# Dutch Soapers - Zachte/Groene Zeep



## Misschief (Dec 16, 2015)

Being from a Dutch background, I grew up with Zachte zeep (soft soap) or Groene zeep (green soap). It's a paste soap that my mother used to use get from Holland, and used for almost everything... washing the bathtub, stain removal, washing greasy hands, etc. I'd love to make my own but I have no idea how and I"m not sure where to start looking.

Any Dutch soapers on SMF who might be able to help me?


----------



## Obsidian (Dec 16, 2015)

Any chance you can post a ingredient list for either soap? I tried to look them up but I don't read dutch

From the pics I saw, it looks a lot like beldi. I've made this recipe before, liked it ok but I feel it needed a bit more cleansing ability.
http://wikitalks.com/2013/06/honey-beldi-hair/


----------



## IrishLass (Dec 17, 2015)

I'm not Dutch, but I learned a little bit about "green Soap/soft soap" in that loooong glycerin liquid soap thread over on the Dish forum, by Dish member Silver Doctor, who is a retired doctor. At least the USP formula for green soap anyway, that is. It's basically what jump-started the whole glycerin liquid soap-making movement amongst the different soap-making forums. 

Basically, the USP green soap is soap paste is made from saponifying olive oil with KOH, using glycerin instead of water. The method of using glycerin in place of water was developed by pharmacists to make green soap paste in a much quicker manner than the water-version. It turns out that green soap was used for lots of things by pharmacists back in the day (don't know if it still is or not).

For what it's worth, here is the link to that thread (see posts 857, 862 and 863, which includes the USP formula for green soap using glycerin): http://www.thedishforum.com/forum/i...cerin-method-liquid-soap/page-35#entry2795525

Also, see post 18 by SilverDoctor here, where he talks about the 2 different varieties of green soap: http://www.thedishforum.com/forum/i...t-is-widely-available-in-the-uk/#entry2812449 


HTH
IrishLass


----------



## Obsidian (Dec 17, 2015)

So it seems you can use any oil you want in your soft soap, guess that would depend on the use of the final product. I've actually made soap similar to that using water.

I made regular 100% olive oil paste for liquid soap but I added very little water to the paste, once it soaked into the paste, I whipped it with a stand mixer until it was creamy. Once it sat awhile, all the bubble went away and I was left with a thick soft gel like substance. The idea here was to make a soft soap base that would be easier to dilute when I needed more liquid soap.

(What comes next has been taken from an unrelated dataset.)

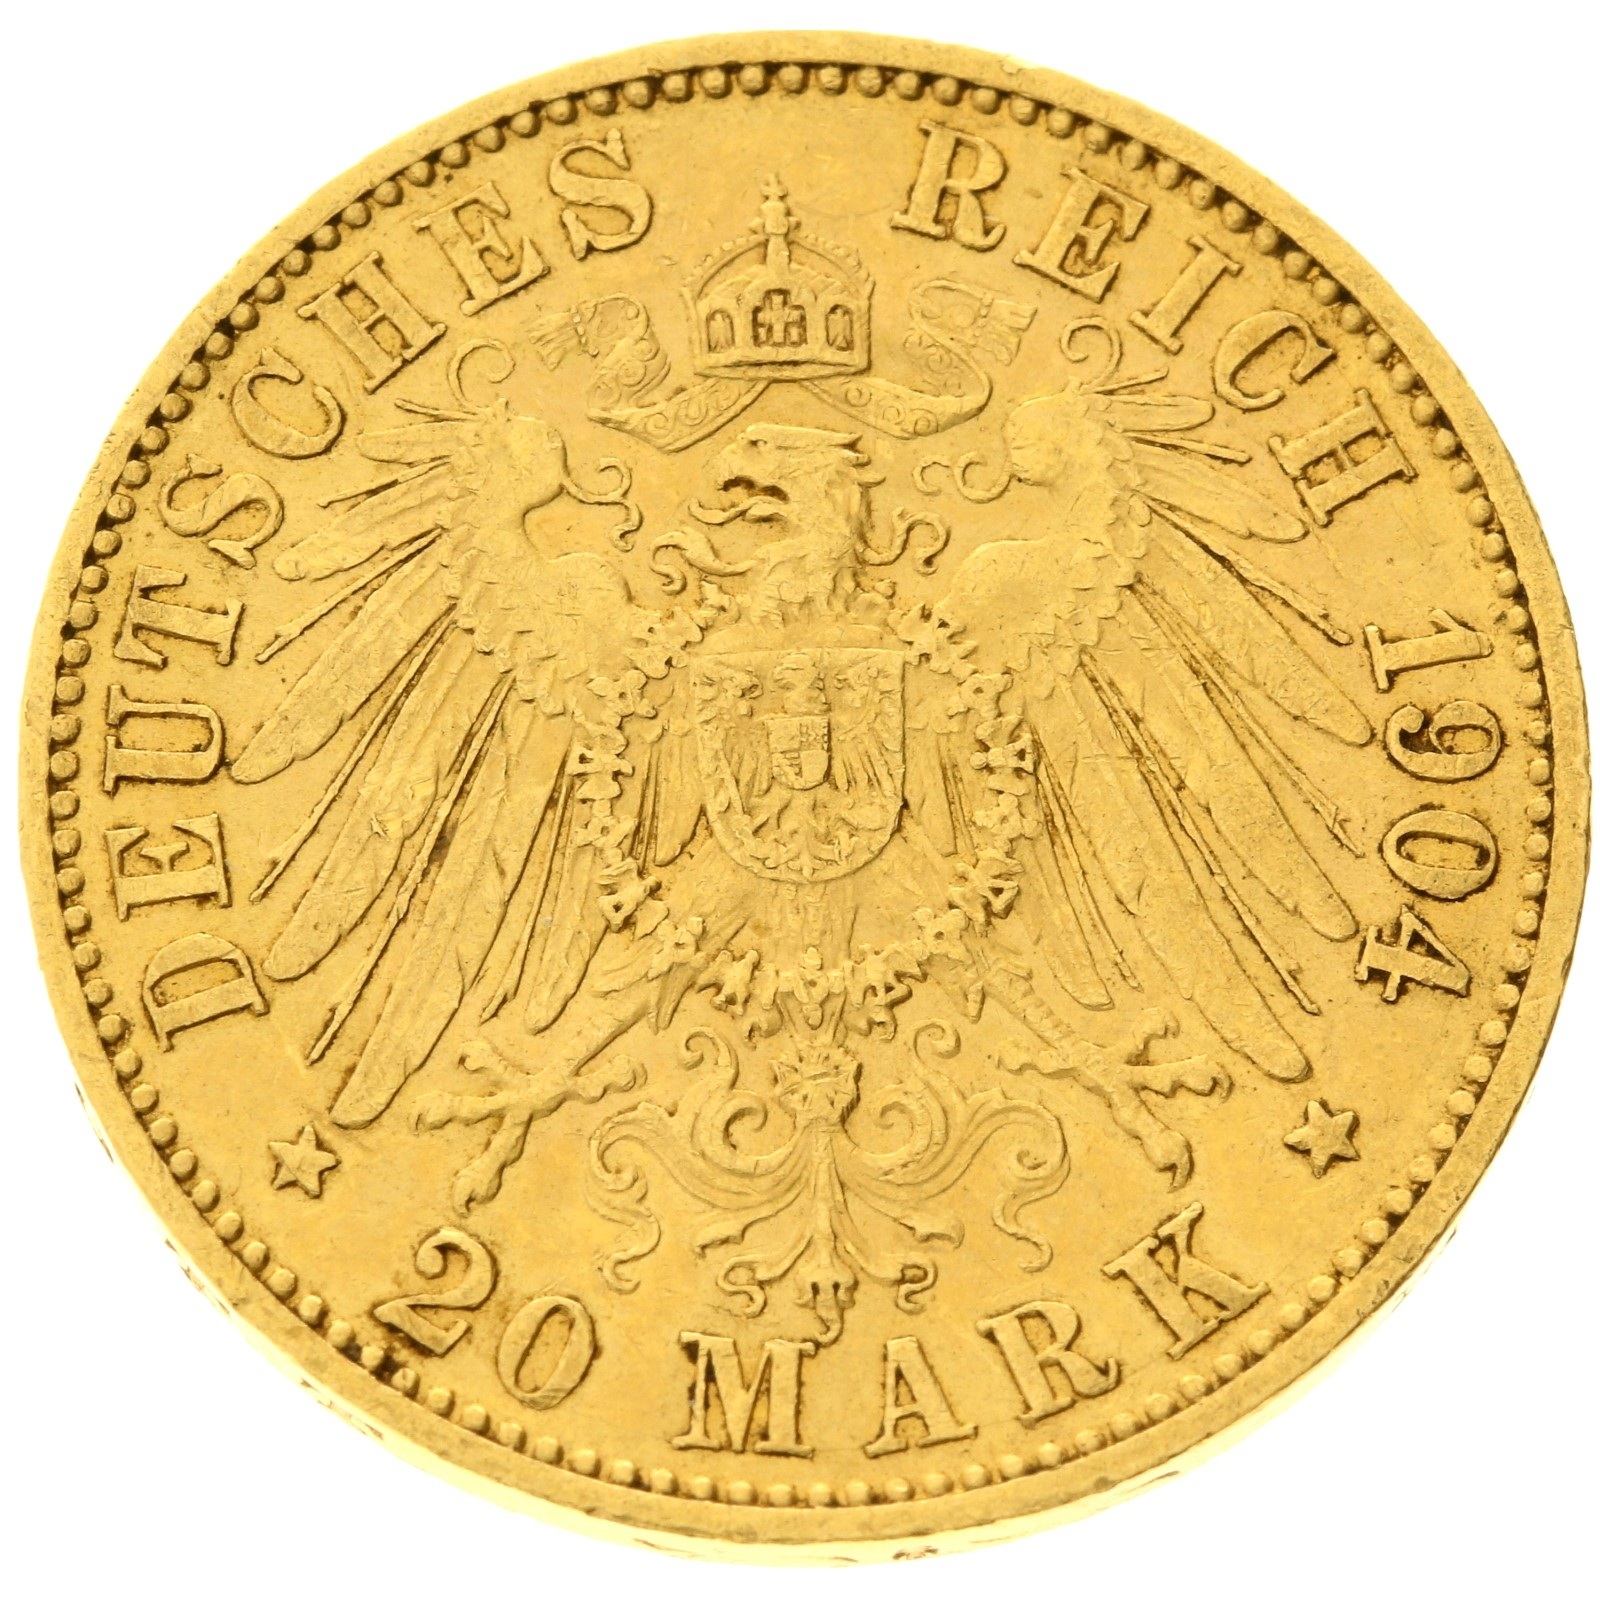 Germany - Prussia - 20 mark - 1904 - A - Wilhelm II 
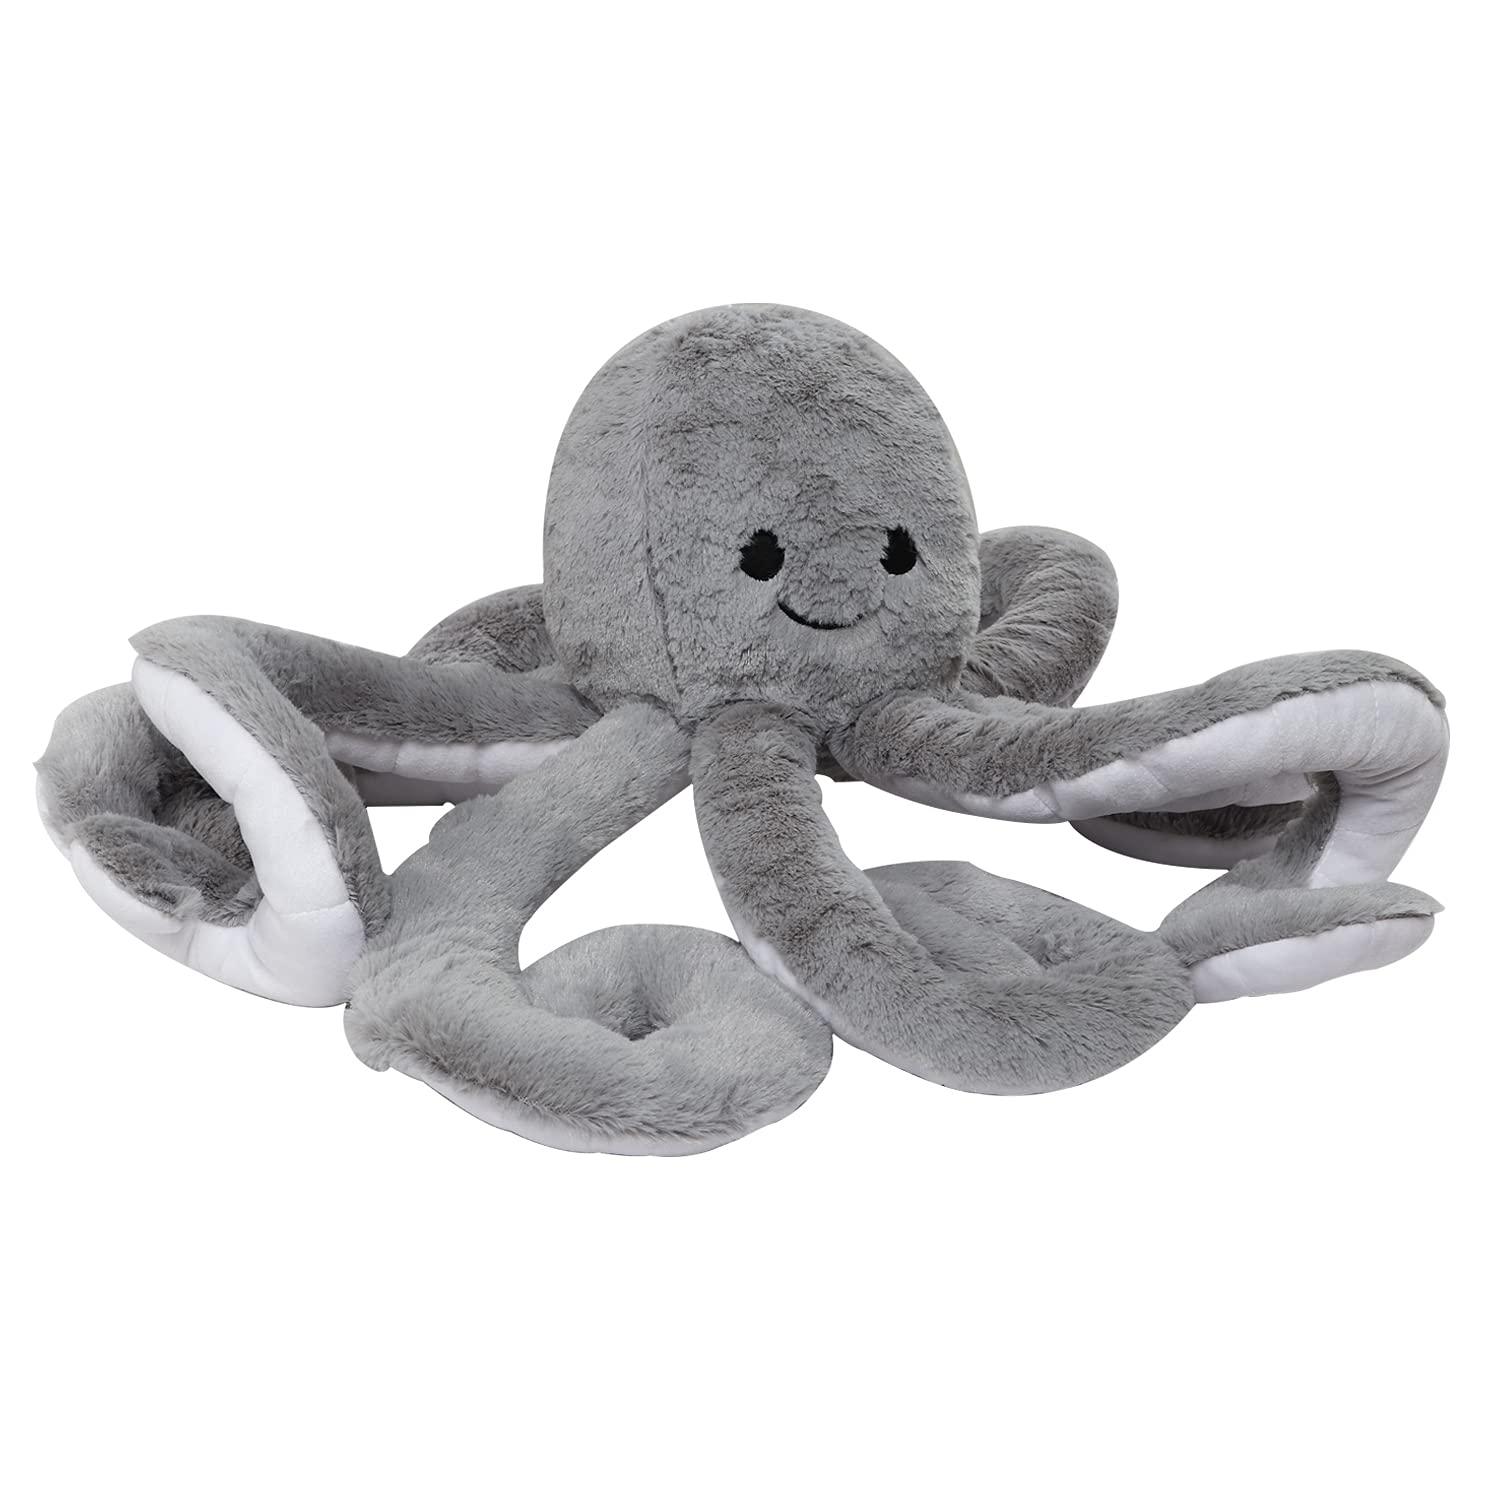 Webby Giant Realistic Stuffed Octopus Animals Soft Plush Toy, Grey

My second one was made with 100% HO safflower oil and I didn't have to dilute the finished paste, it was soft right out of the crock pot. I actually like this one better then the olive oil, its easier to work with and feels better on the skin. I do feel that both need coconut oil though, the lather is poor and there is no way I could clean dishes or greasy hands with either.


----------



## Misschief (Dec 17, 2015)

Awesome! I don't have time to do much reading at the moment (time to get ready for work) but will when I get home tonight. I've been wanting to try a soft soap for a long time but really didn't know where to start. I can read Dutch so tried searching for recipes in Dutch but couldn't find anything. 

Thanks IL!


----------



## Misschief (Jan 3, 2016)

I love serendipitous moments! My husband just happens to be reading a book about the history of the city of Amsterdam. In it, there was mention of "green soap" and how there were many soap makers along the canals of the city. The soap was made with hemp oil, rapeseed oil, and potash (KOH). That got me thinking, and Googling. I came across this brief article on a geneology website:

_The soap making business (in the Netherlands) goes back till the 15th century and the
ingredients were always strictly regulated in order to protect the
quality. The top years in the early 1600 could be characterized by
small-scaled production; most soap makers had only two or three man on
their pay list. Such a small company could produce between 30 to 60
barrels of the famous green soap per week. During the following 150 years the companies grew, but the production and quality declined.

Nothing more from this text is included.